## Problem details
Transcribe everything in the listing below exactly, except the pictures.
[Opening Information shown section]
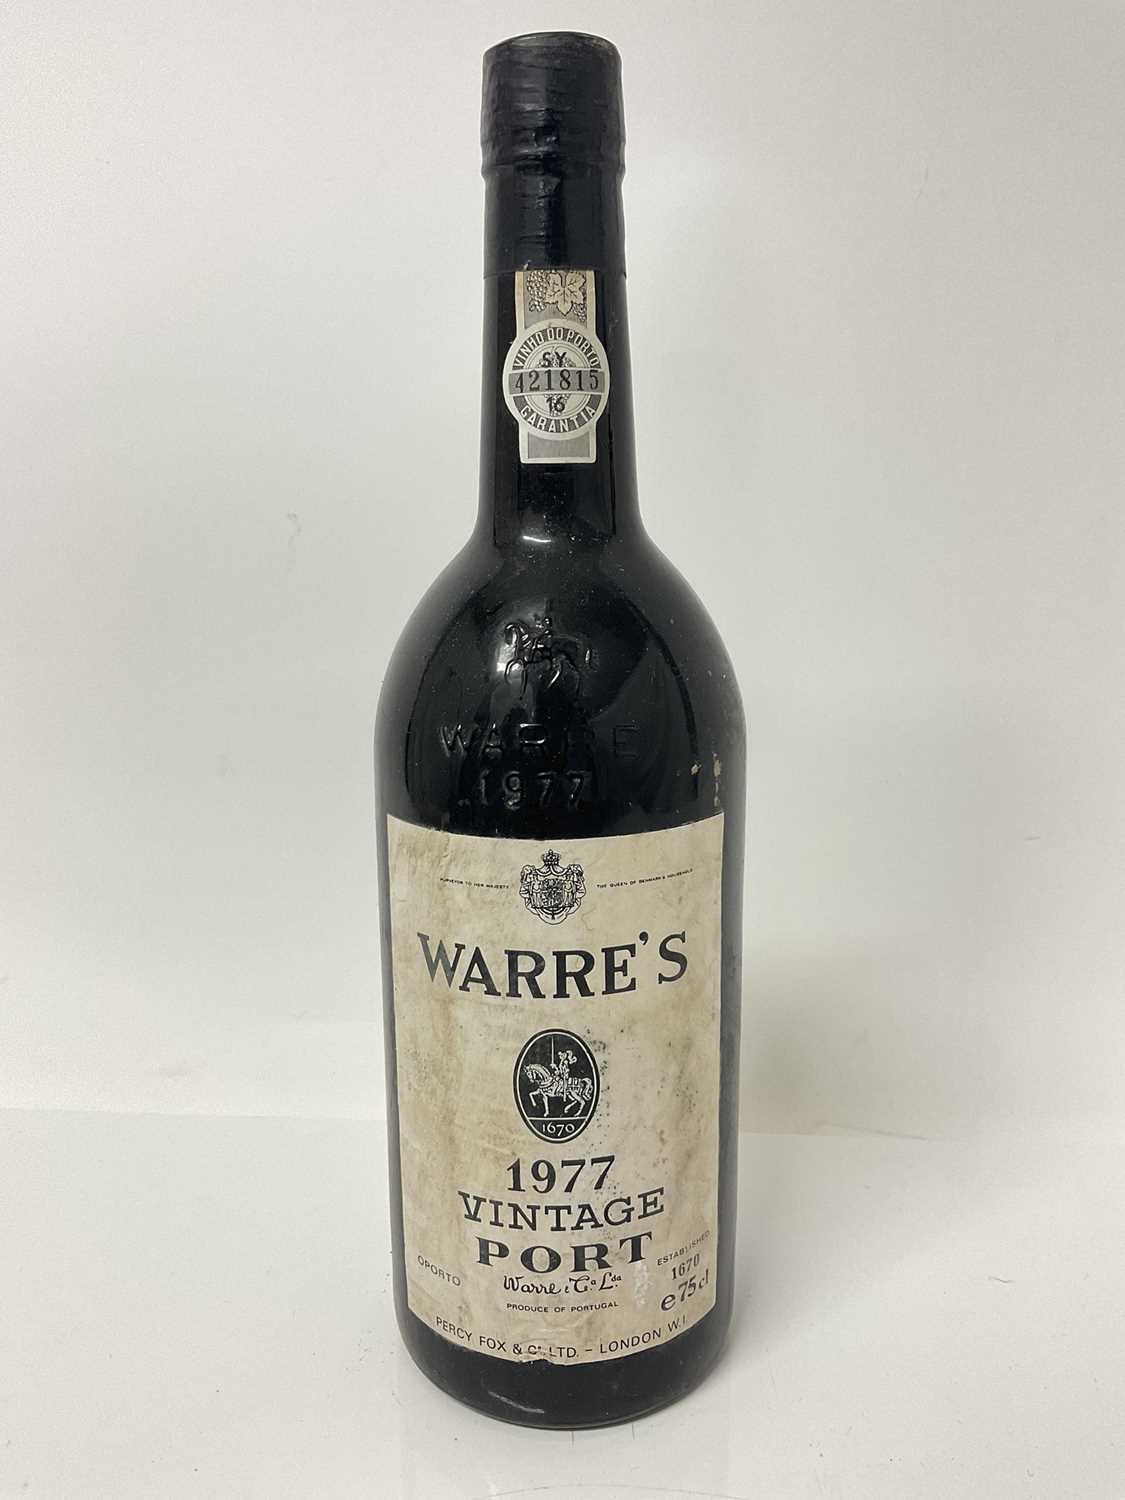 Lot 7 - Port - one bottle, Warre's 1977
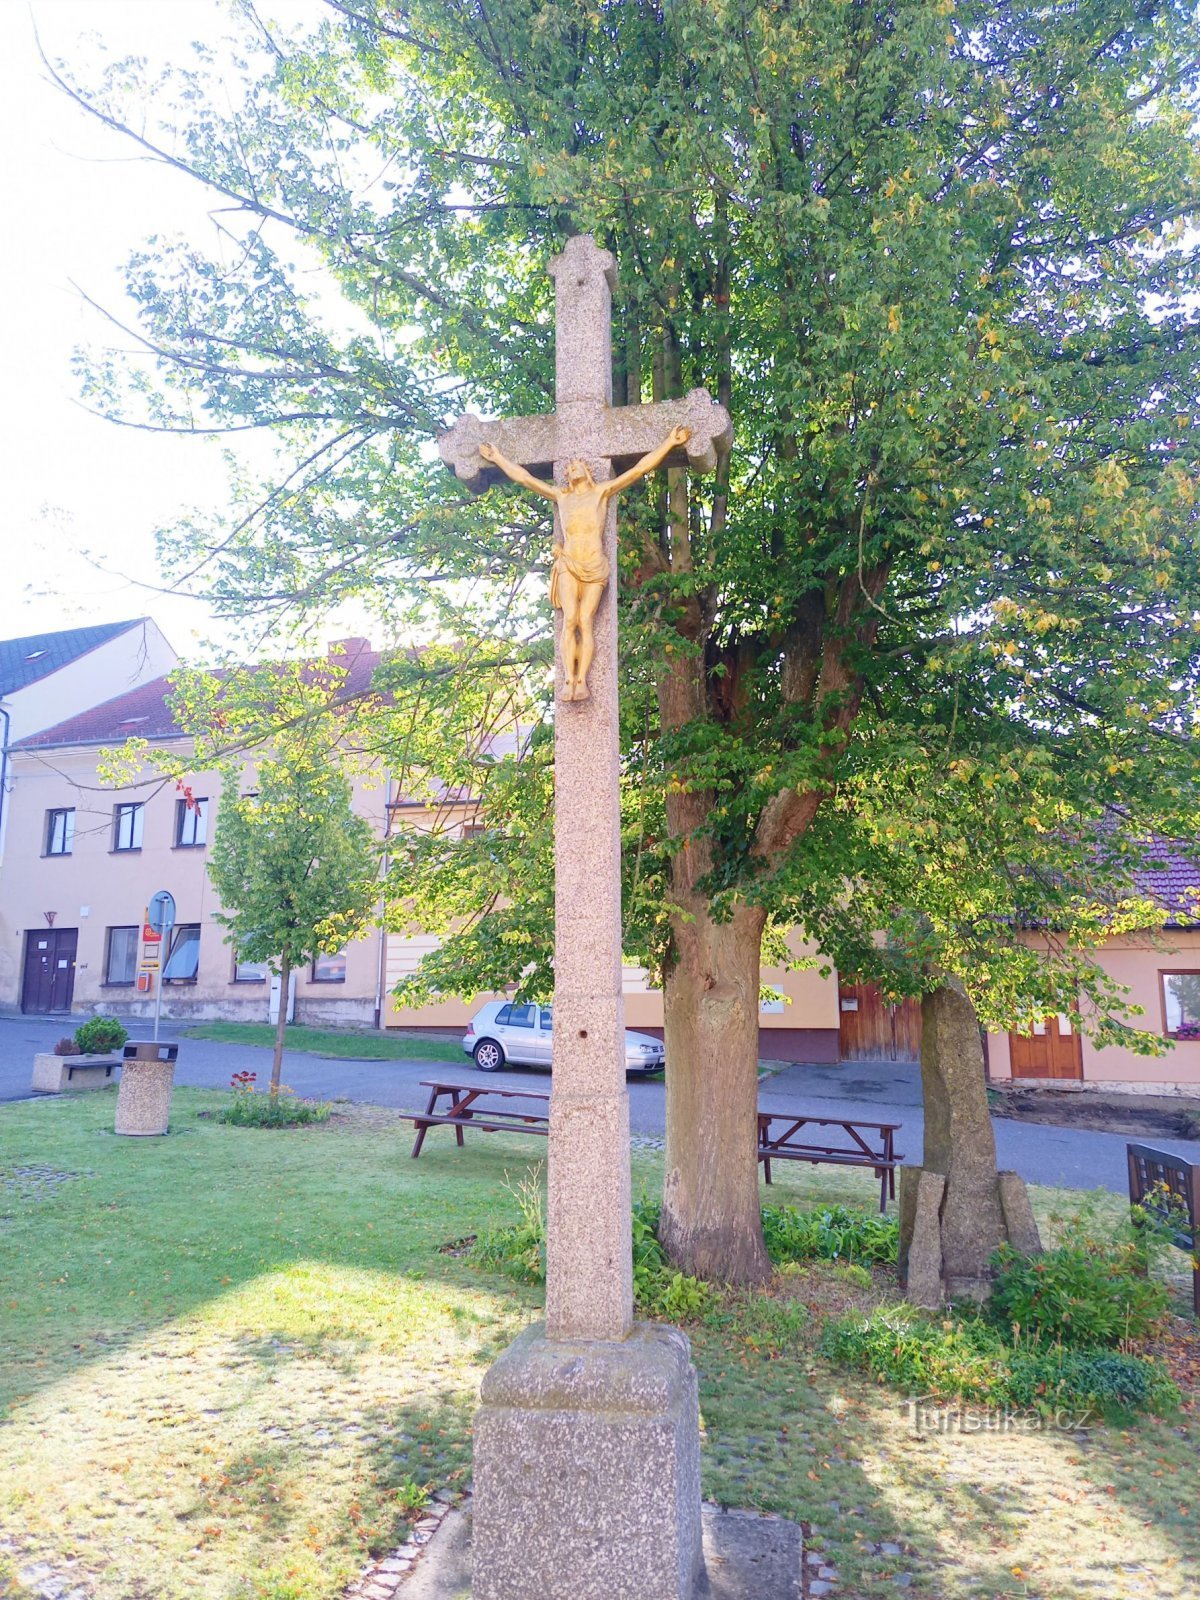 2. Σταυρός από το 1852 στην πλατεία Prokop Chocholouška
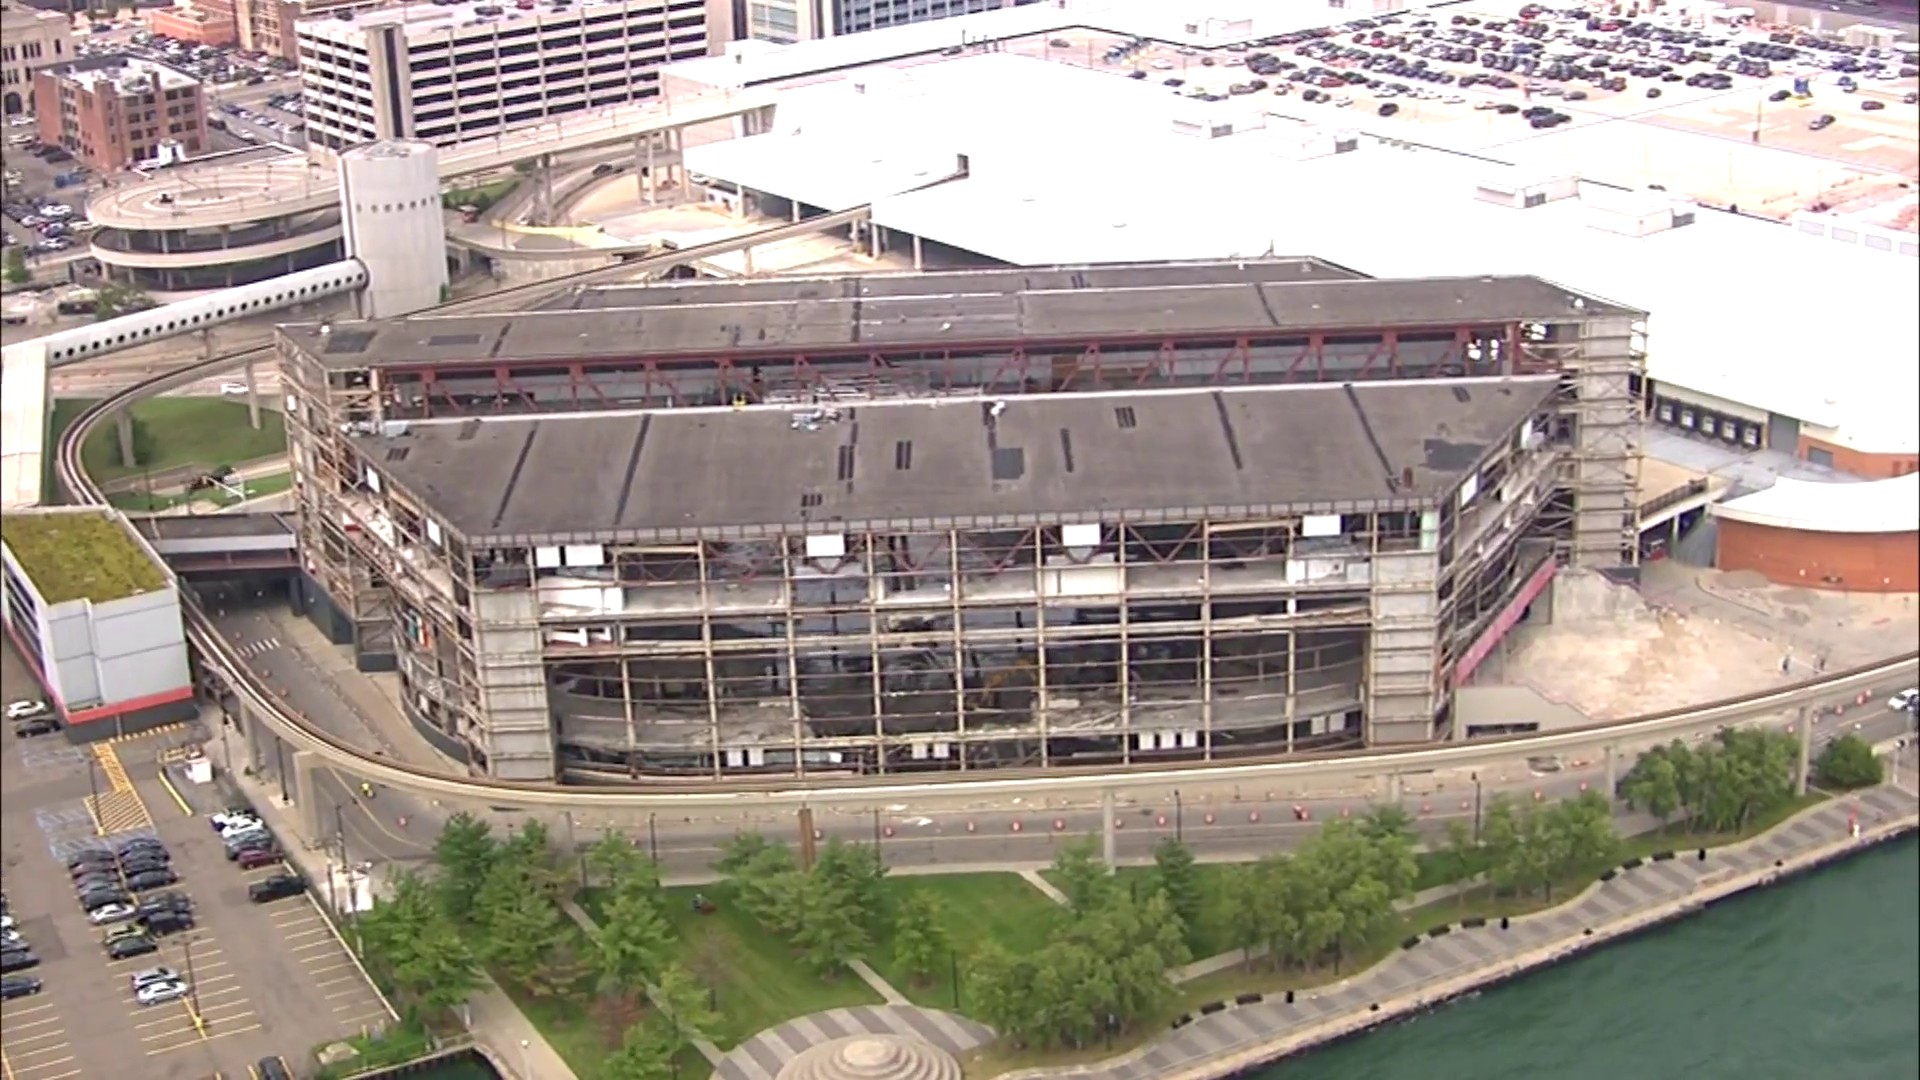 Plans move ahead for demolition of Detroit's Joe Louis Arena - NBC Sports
[Closing Information shown section]
## Answer
 Lot 7 - Port - one bottle, Warre's 1977
 2. Σταυρός από το 1852 στην πλατεία Prokop Chocholouška
 Plans move ahead for demolition of Detroit's Joe Louis Arena - NBC Sports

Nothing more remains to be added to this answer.